EGLN1
Hypoxia-inducible factor prolyl hydroxylase 2 (HIF-PH2), or prolyl hydroxylase domain-containing protein 2 (PHD2), is an enzyme encoded by the EGLN1 gene. It is also known as Egl nine homolog 1.[3][4][5][6]
The hypoxia response
HIF-1α is a ubiquitous, constitutively synthesized transcription factor responsible for upregulating the expression of genes involved in the cellular response to hypoxia. These gene products may include proteins such as glycolytic enzymes and angiogenic growth factors.[7] In normoxia, HIF alpha subunits are marked for the ubiquitin-proteasome degradation pathway through hydroxylation of proline-564 and proline-402 by PHD2. Prolyl hydroxylation is critical for promoting pVHL binding to HIF, which targets HIF for polyubiquitylation.[6]
Structure
PHD2 is a 46-kDa enzyme that consists of an N-terminal domain homologous to MYND zinc finger domains, and a C-terminal domain homologous to the 2-oxoglutarate dioxygenases. The catalytic domain consists of a double-stranded β-helix core that is stabilized by three α-helices packed along the major β-sheet.[8] The active site, which is contained in the pocket between the β-sheets, chelates iron(II) through histidine and aspartate coordination. 2-oxoglutarate displaces a water molecule to bind iron as well.[9] The active site is lined by hydrophobic residues, possibly because such residues are less susceptible to potential oxidative damage by reactive species leaking from the iron center.[8]

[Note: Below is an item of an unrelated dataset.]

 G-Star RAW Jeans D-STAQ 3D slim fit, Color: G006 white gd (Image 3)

The enzyme has a high affinity for iron(II) and 2-oxoglutarate, and forms a long-lived complex with these factors.[10] It has been proposed that cosubstrate and iron concentrations poise the HIF hydroxylases to respond to an appropriate "hypoxic window" for a particular cell type or tissue.[11] Studies have revealed that PHD2 has a KM for dioxygen slightly above its atmospheric concentration, and PHD2 is thought to be the most important sensor of the cell's oxygen status.[12]
Mechanism
The enzyme incorporates one oxygen atom from dioxygen into the hydroxylated product, and one oxygen atom into the succinate coproduct.[13] Its interactions with HIF-1α rely on a mobile loop region that helps to enclose the hydroxylation site and helps to stabilize binding of both iron and 2-oxyglutarate.[9]

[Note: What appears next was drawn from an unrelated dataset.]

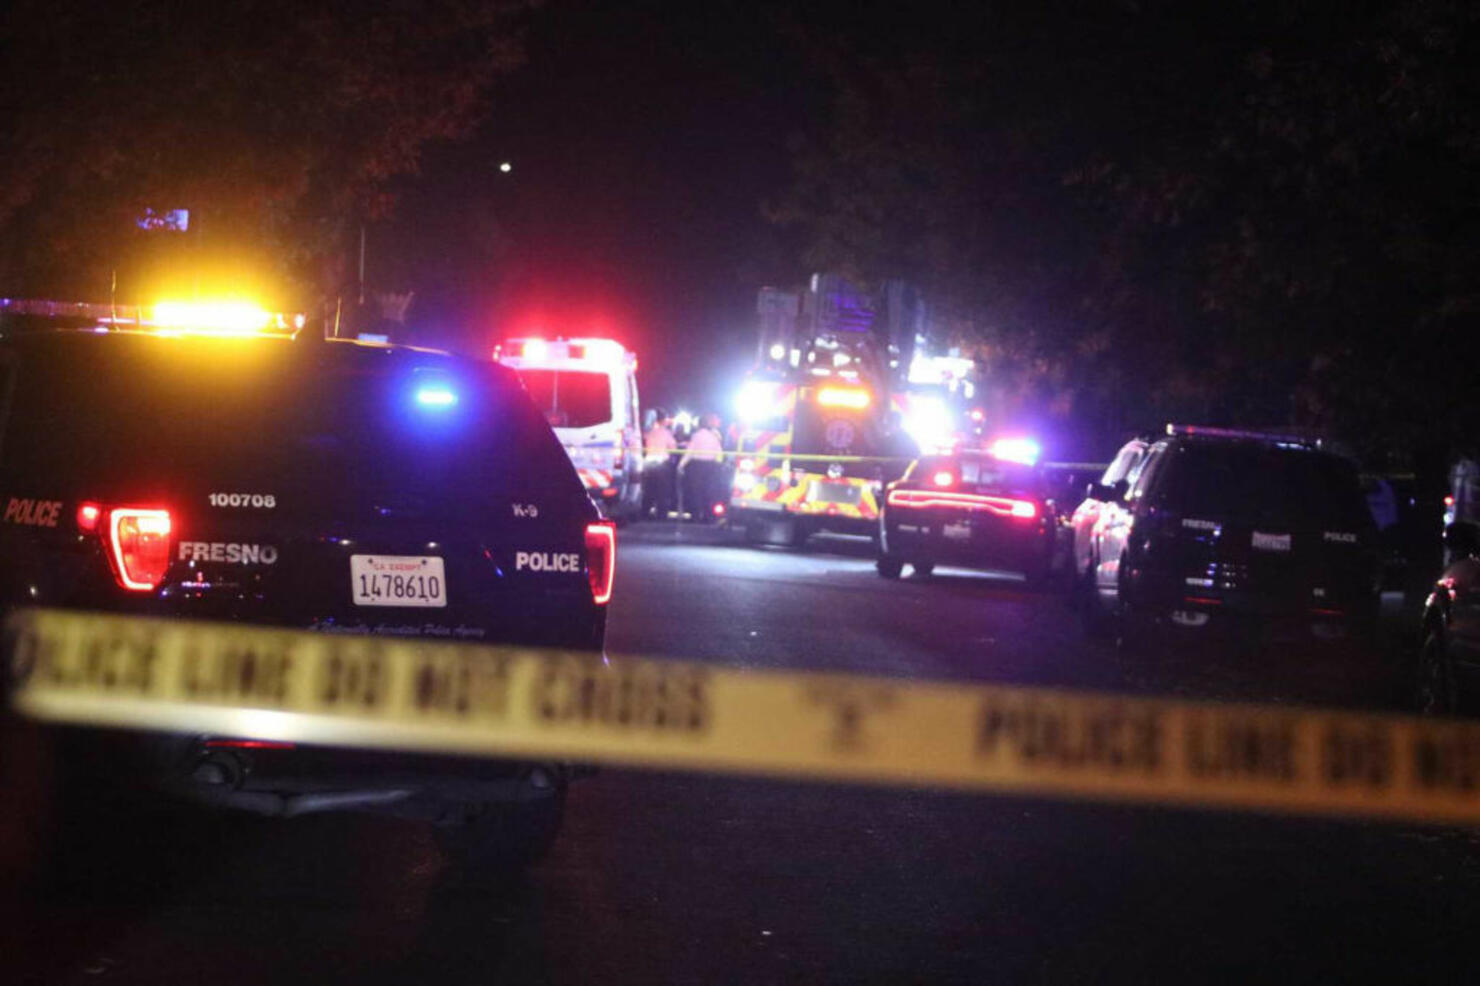 At least 9 wounded in 'mass casualty shooting' in southeast Fresno, police say

Biological role and disease relevance
PHD2 is the primary regulator of HIF-1α steady state levels in the cell. A PHD2 knockdown showed increased levels of HIF-1α under normoxia, and an increase in HIF-1α nuclear accumulation and HIF-dependent transcription. HIF-1α steady state accumulation was dependent on the amount of PHD silencing effected by siRNA in HeLa cells and a variety of other human cell lines.[6]
However, although it would seem that PHD2 downregulates HIF-1α and thus also tumorigenesis, there have been suggestions of paradoxical roles of PHD2 in tumor proliferation. For example, one animal study showed tumor reduction in PHD2-deficient mice through activation of antiproliferative TGF-β signaling.[14] Other in vivo models showed tumor-suppressing activity for PHD2 in pancreatic cancer as well as liver cancer.[15][16] A study of 121 human patients revealed PHD2 as a strong prognostic marker in gastric cancer, with PHD2-negative patients having shortened survival compared to PHD2-positive patients.[17]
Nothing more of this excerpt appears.